> DATASET SECTION
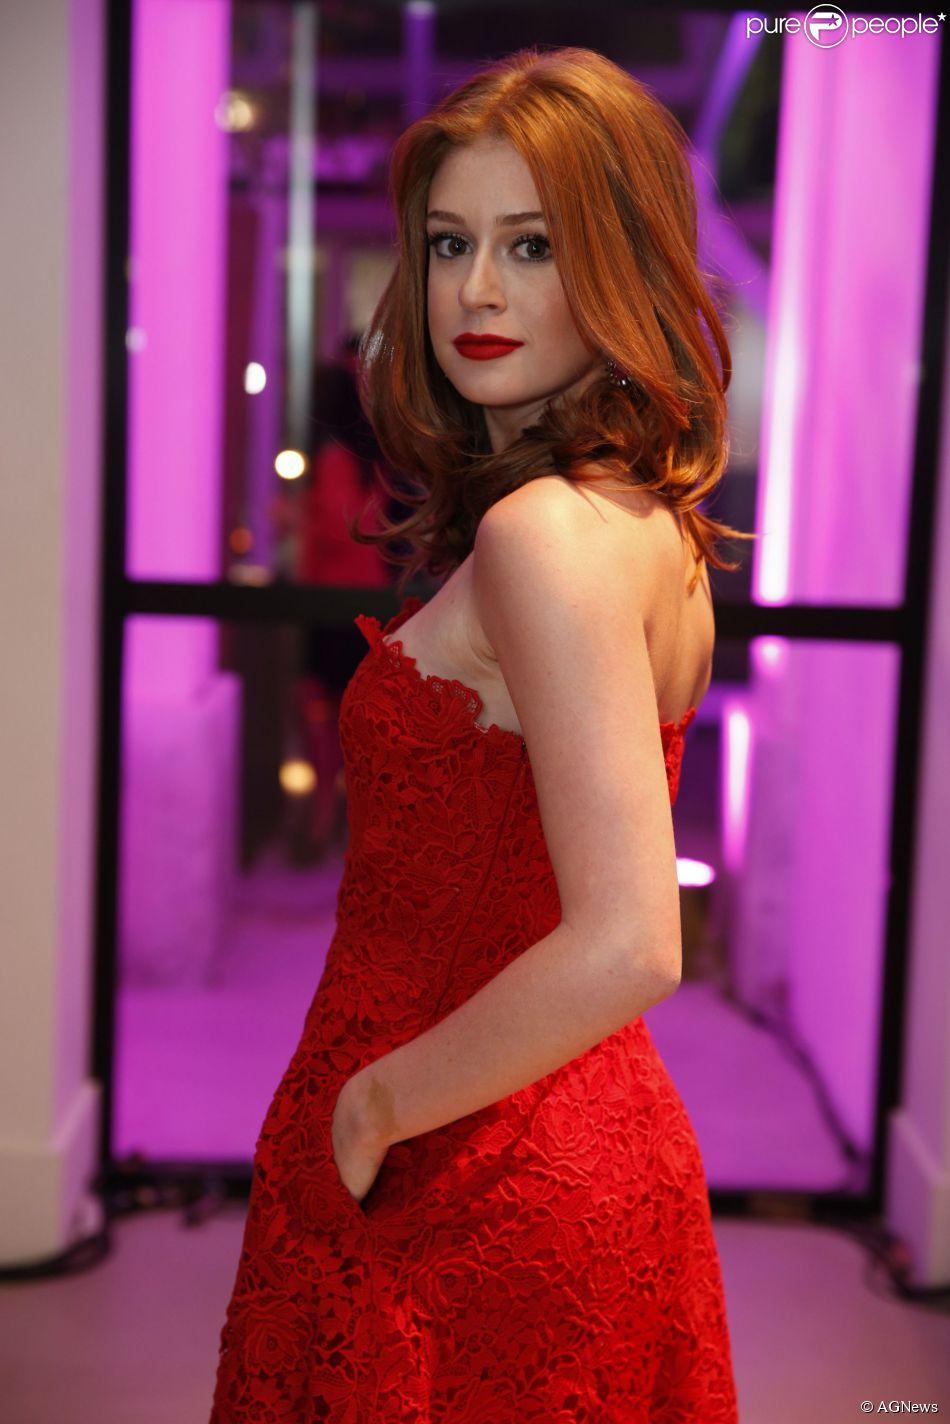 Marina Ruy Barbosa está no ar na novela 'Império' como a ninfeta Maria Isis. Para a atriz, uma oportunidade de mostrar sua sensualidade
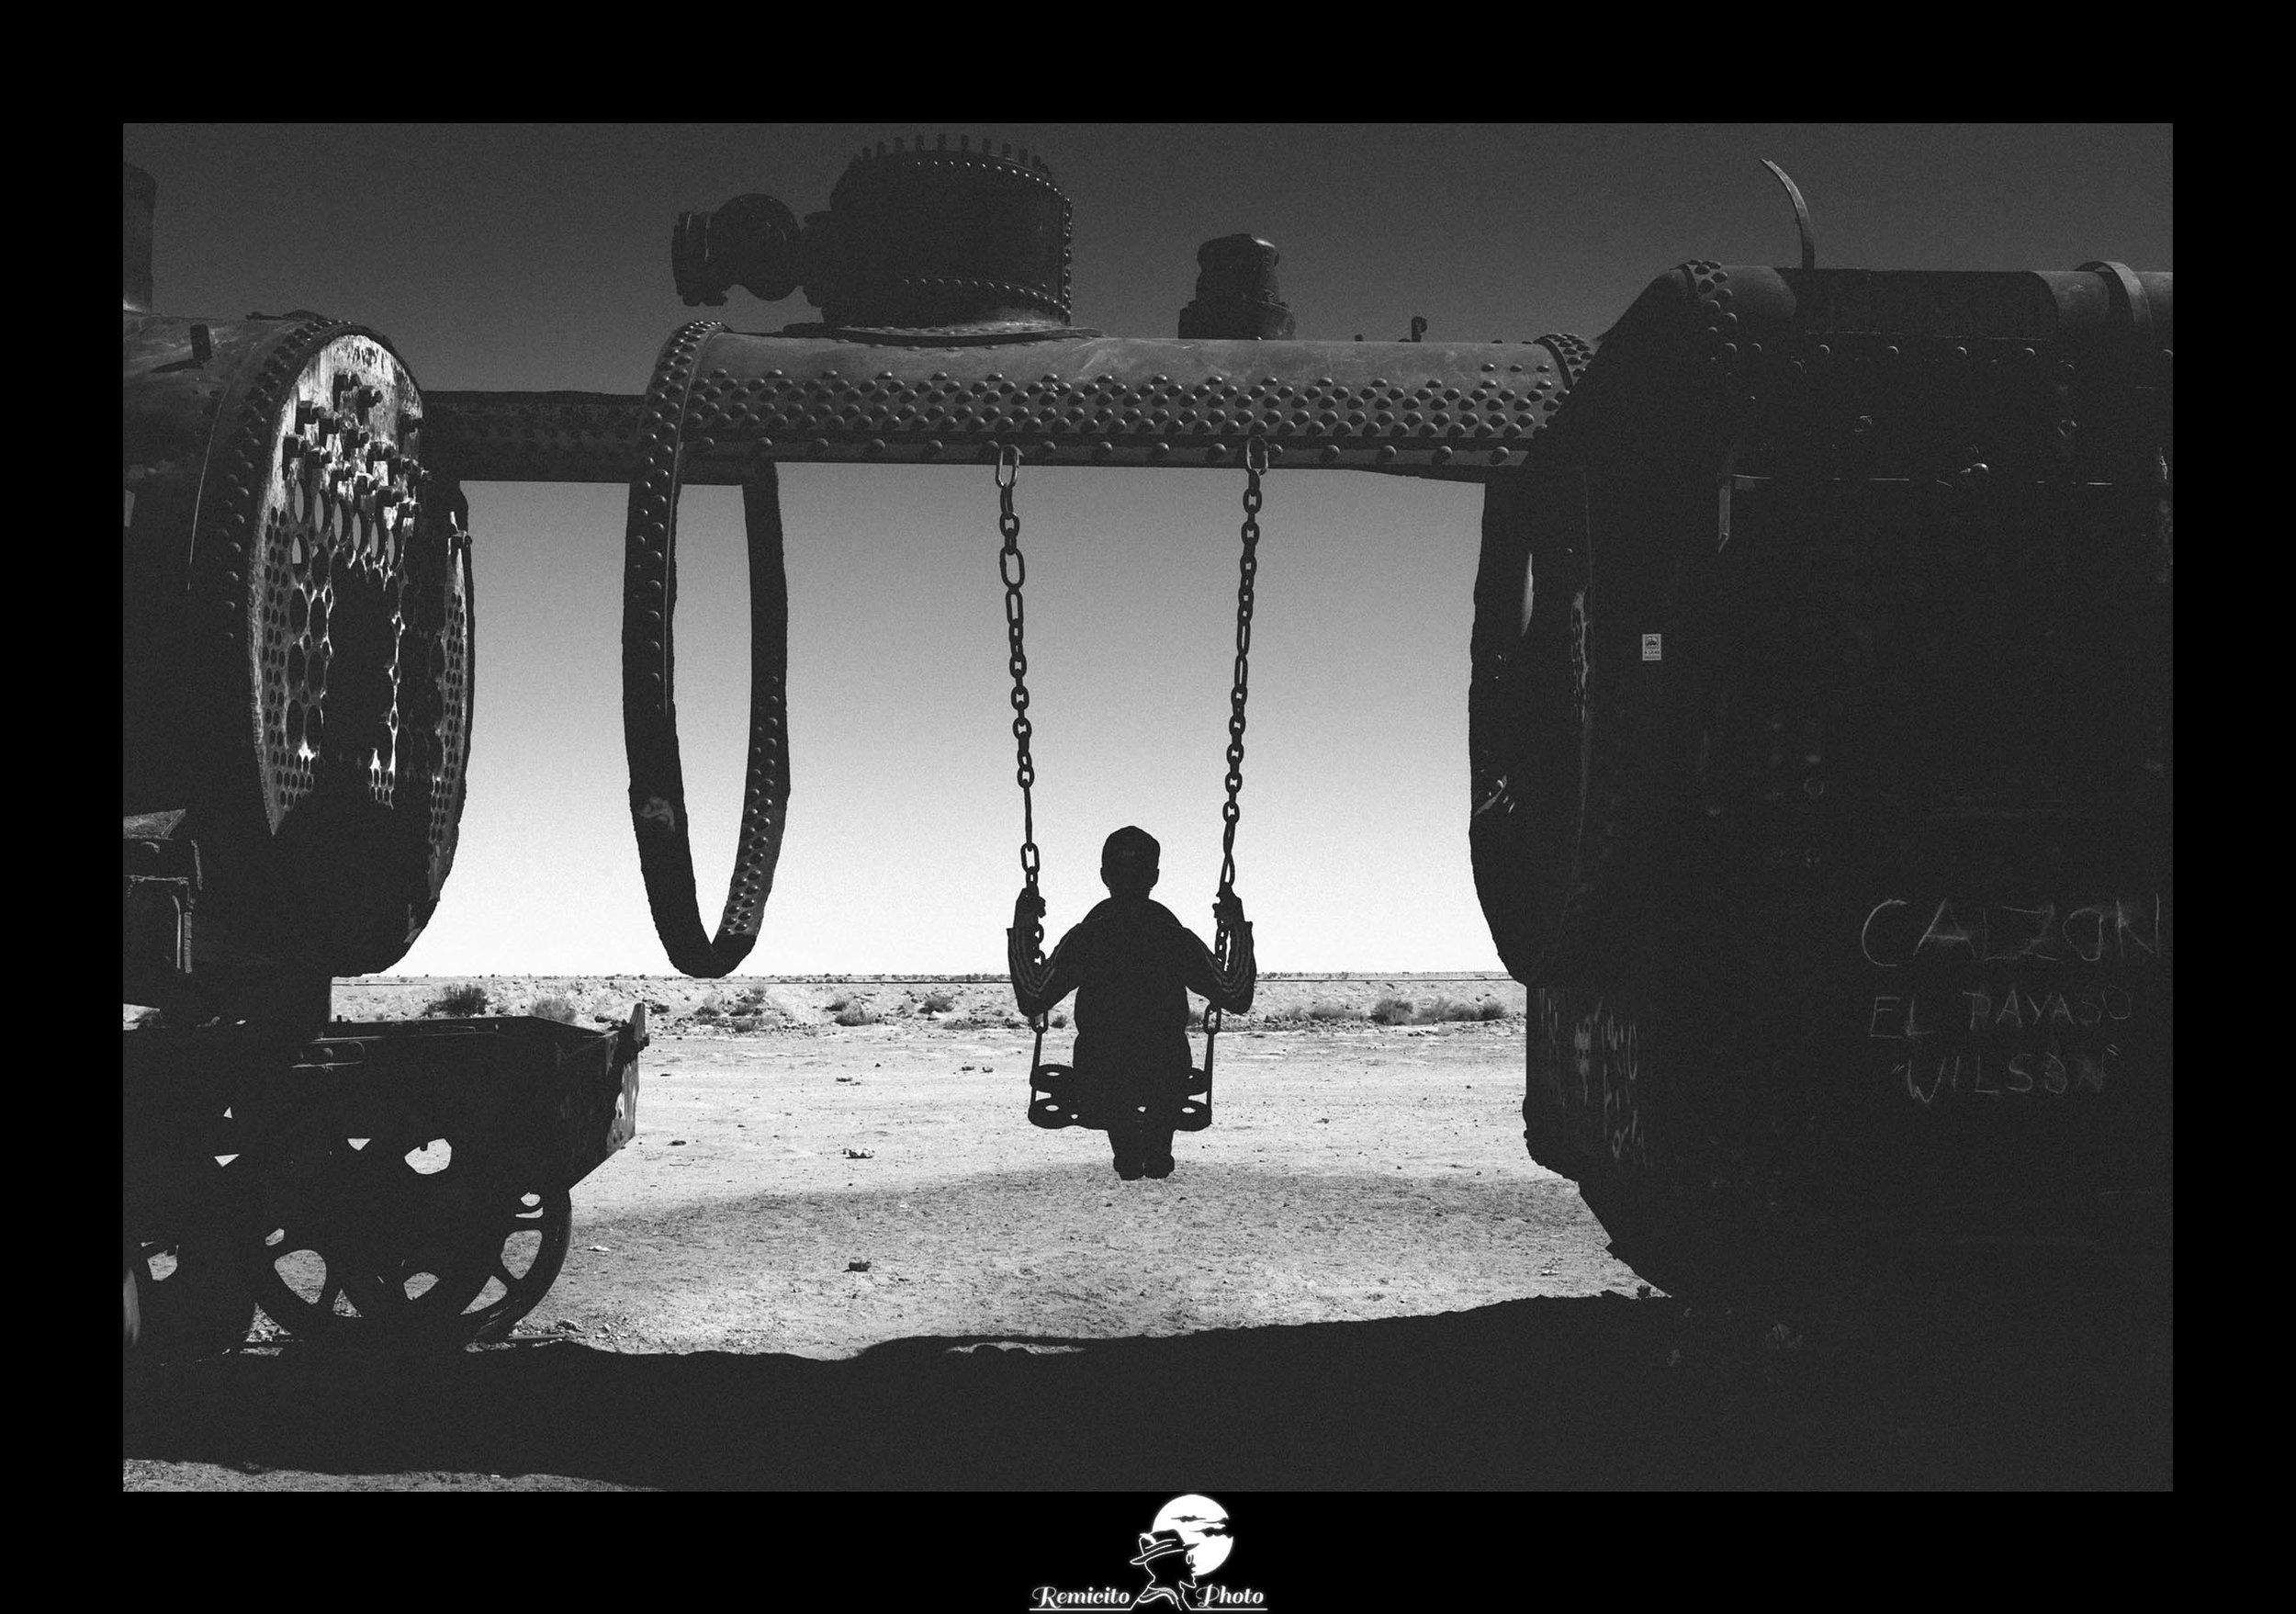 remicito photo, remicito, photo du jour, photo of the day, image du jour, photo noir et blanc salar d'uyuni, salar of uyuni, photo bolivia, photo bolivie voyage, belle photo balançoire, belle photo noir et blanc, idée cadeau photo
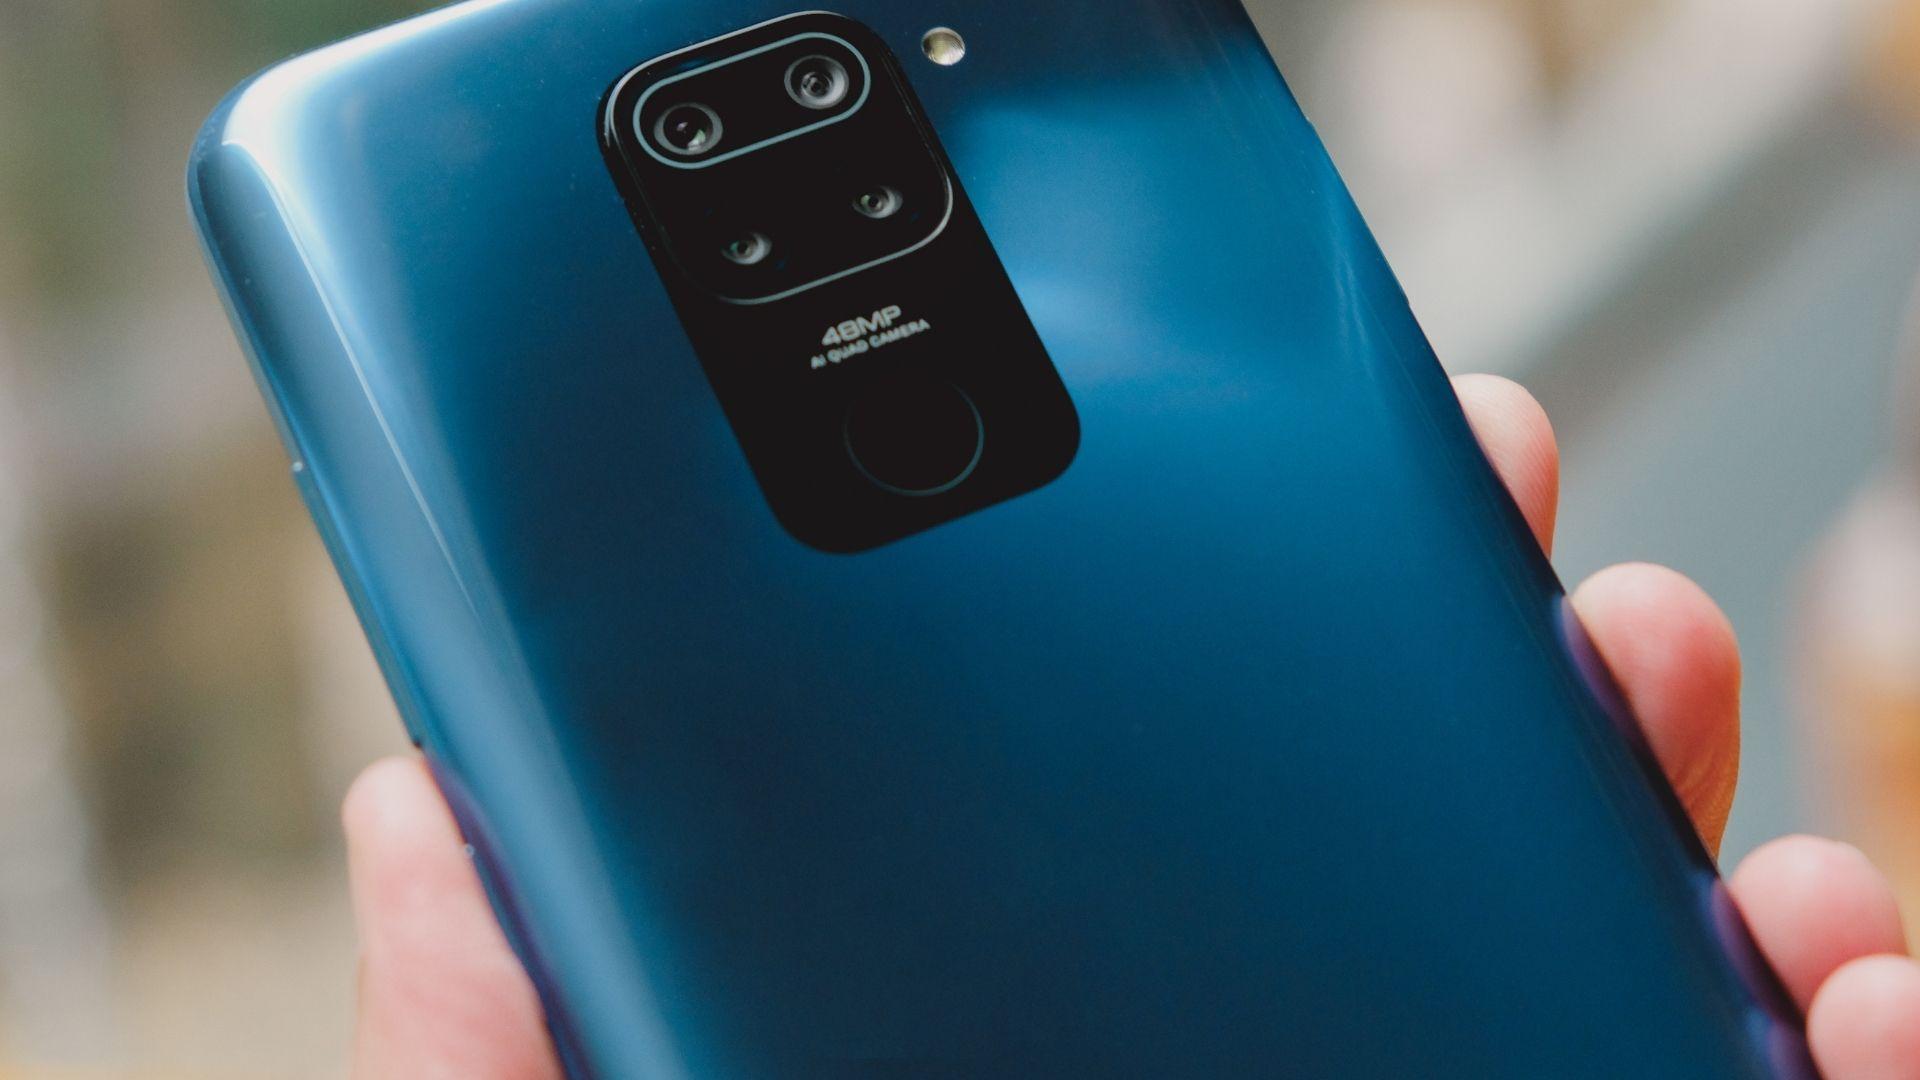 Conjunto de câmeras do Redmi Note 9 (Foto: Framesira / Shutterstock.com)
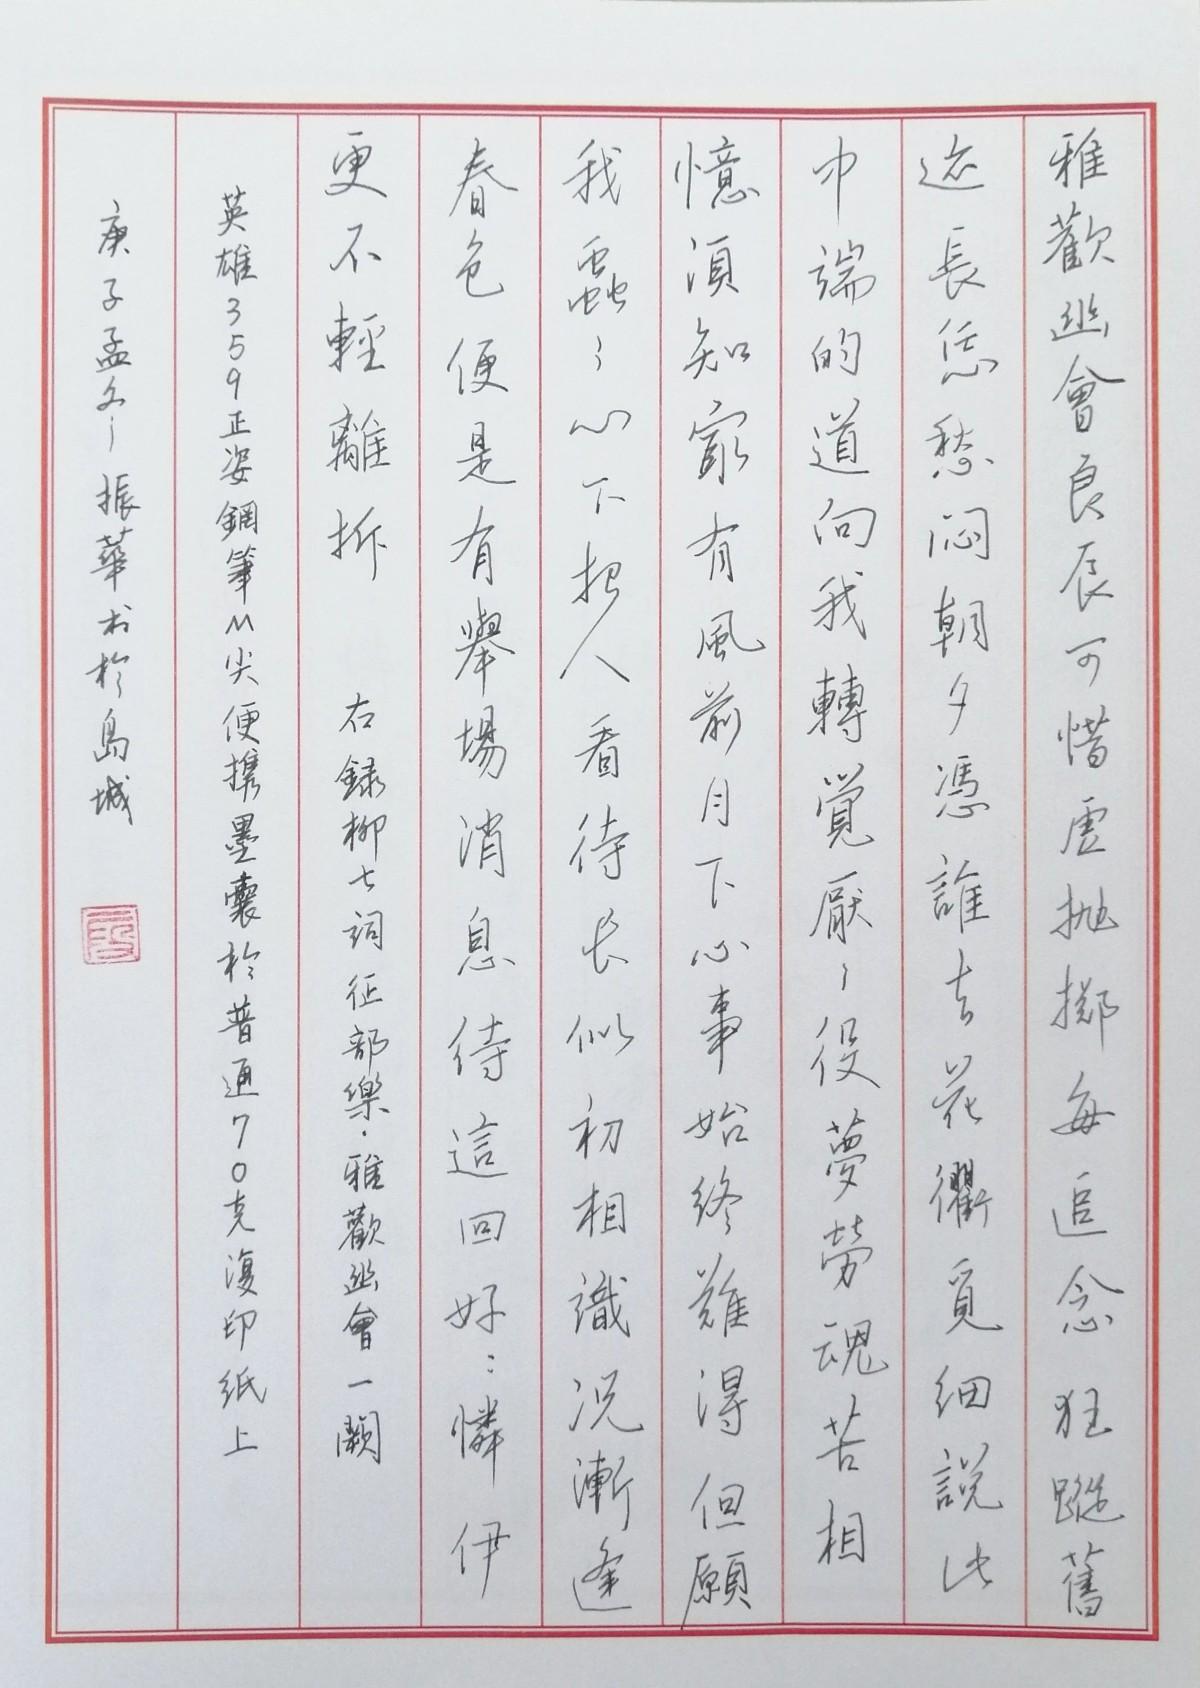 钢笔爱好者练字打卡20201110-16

> WHAT IS EXPECTED
Every line between the one containing "remicito photo, remicito, photo" and the last line of the data above, both included, should be copied exactly, but not the pictures.

> RESULT FOR THIS TASK
 remicito photo, remicito, photo du jour, photo of the day, image du jour, photo noir et blanc salar d'uyuni, salar of uyuni, photo bolivia, photo bolivie voyage, belle photo balançoire, belle photo noir et blanc, idée cadeau photo
 Conjunto de câmeras do Redmi Note 9 (Foto: Framesira / Shutterstock.com)
 钢笔爱好者练字打卡20201110-16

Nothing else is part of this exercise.